→ **Source material**
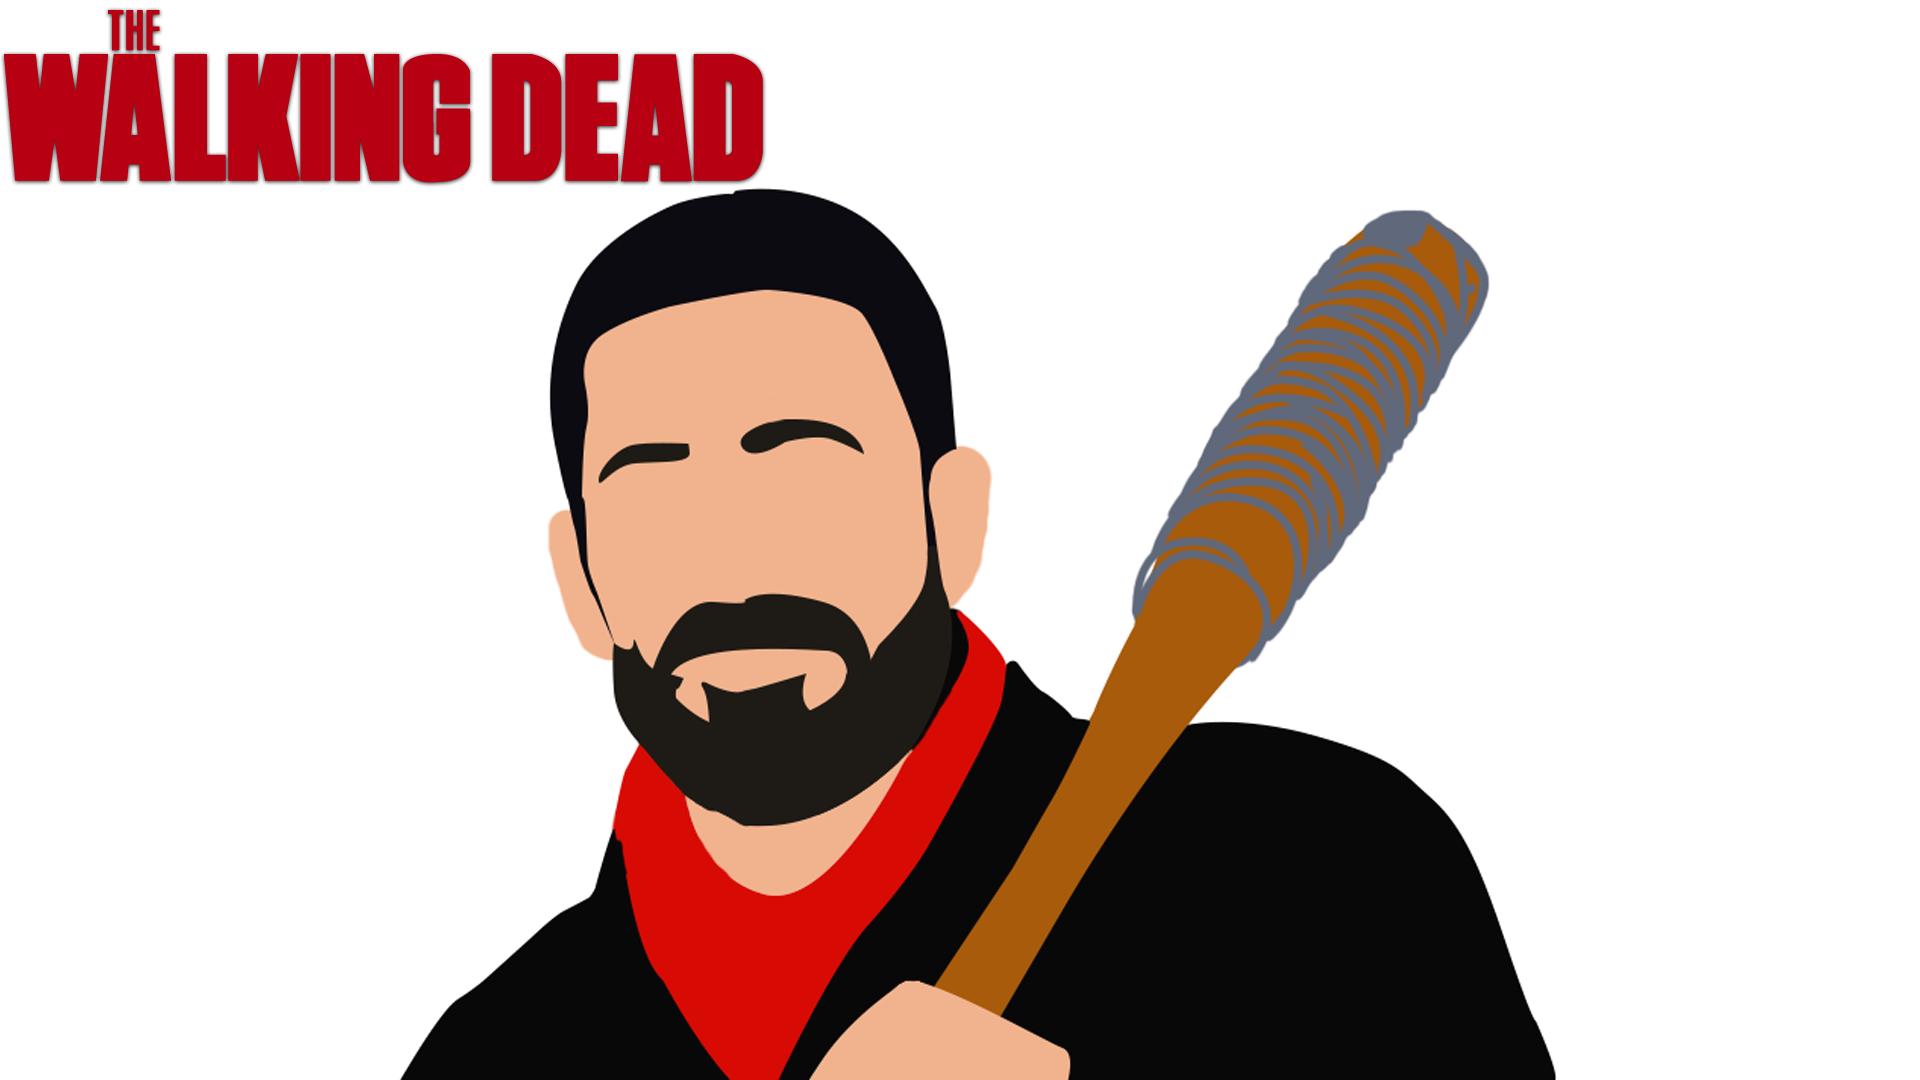 Wallpaper Negan The Walking Dead By Lavier10 On Deviantart
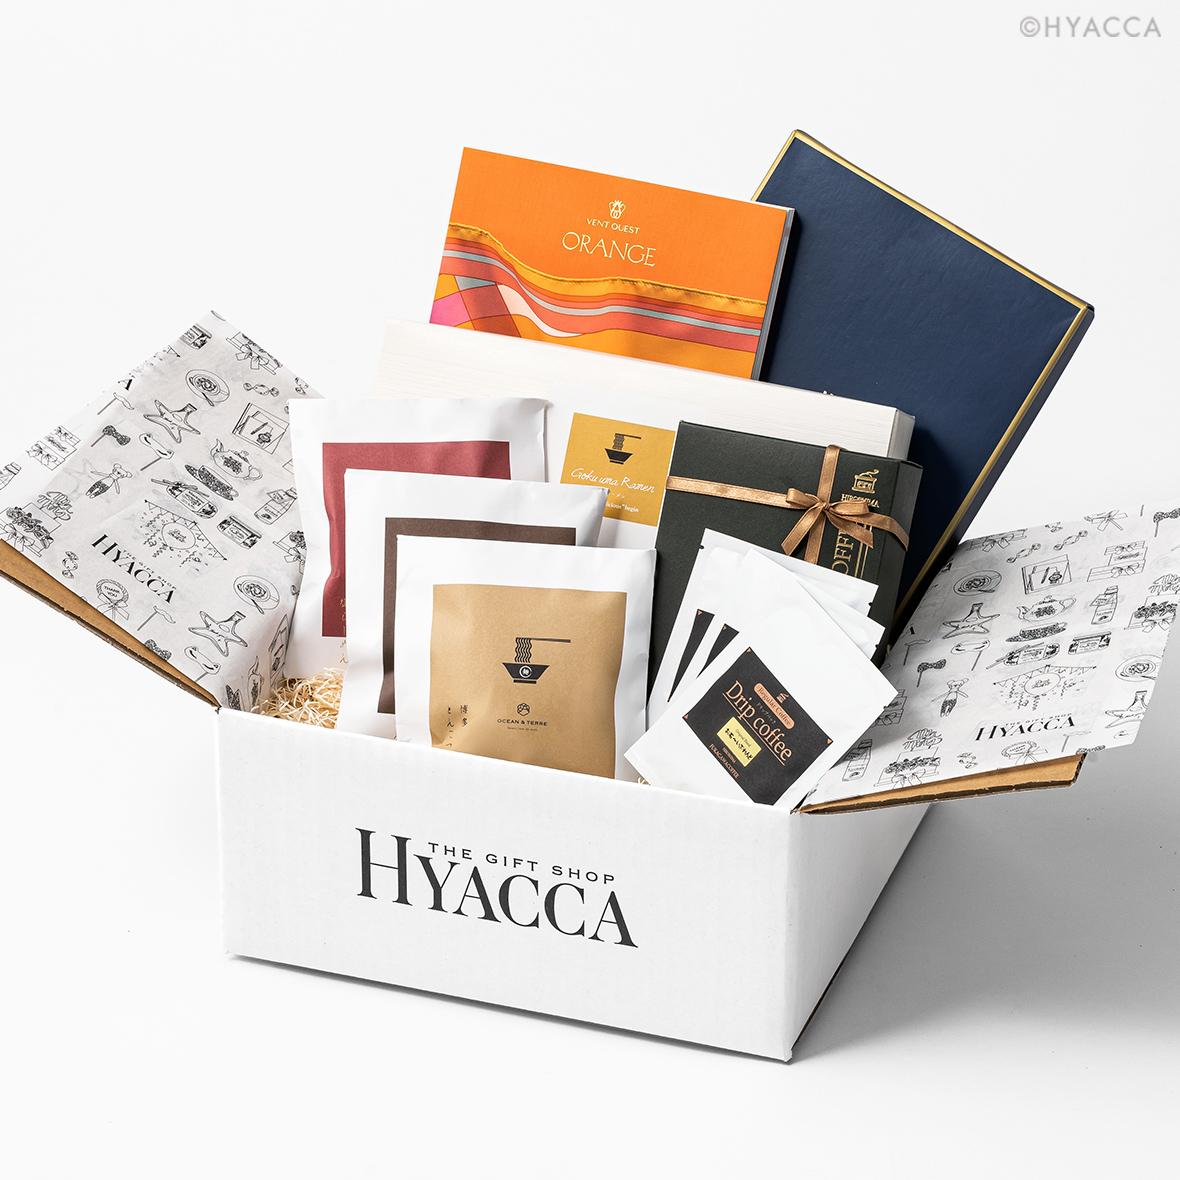 引き出物 カタログギフト/ヴァンウエスト 全7種類+ラーメン+コーヒー 10
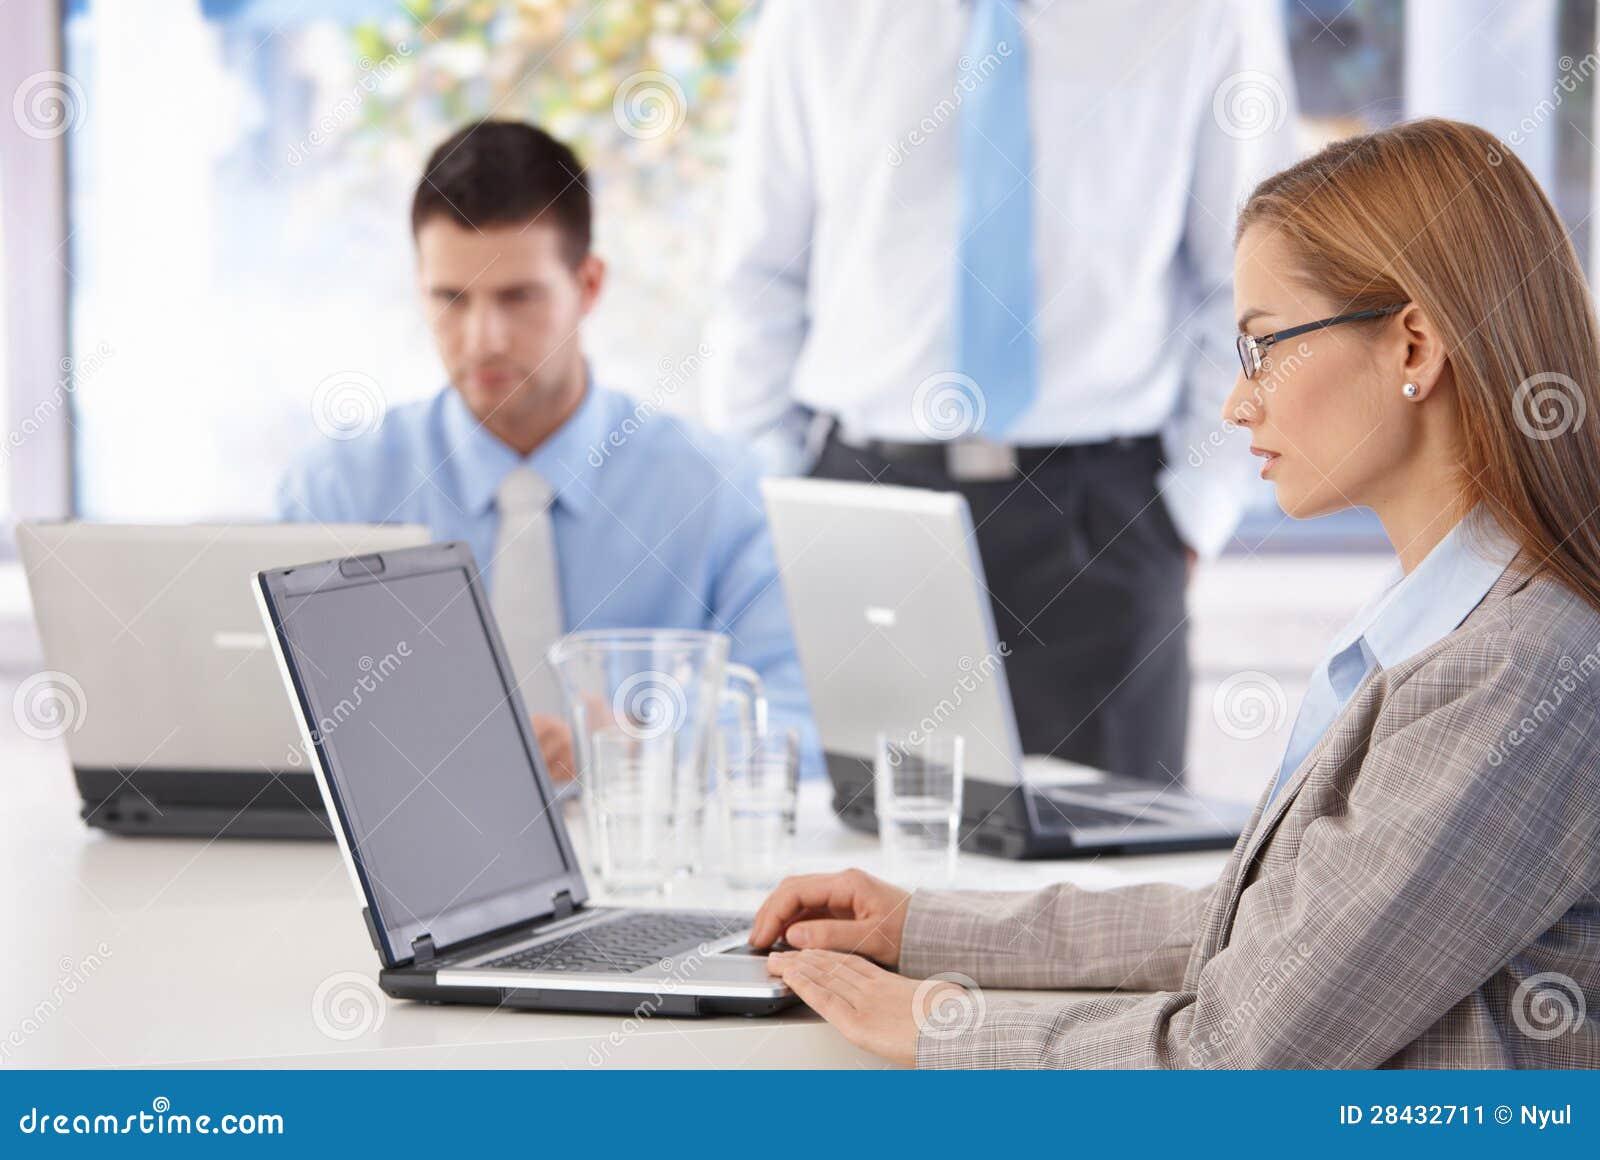 Młodzi przypadkowi urzędnicy pracuje na laptopie

→ **Exercise**
Copy verbatim the span that opens at the line with "引き出物 カタログギフト/ヴァンウエスト 全7種類+ラーメン+コーヒー 10" and closes at the final line of the listing. Do not carry over any pictures.

→ **Expected answer**
 引き出物 カタログギフト/ヴァンウエスト 全7種類+ラーメン+コーヒー 10
 Młodzi przypadkowi urzędnicy pracuje na laptopie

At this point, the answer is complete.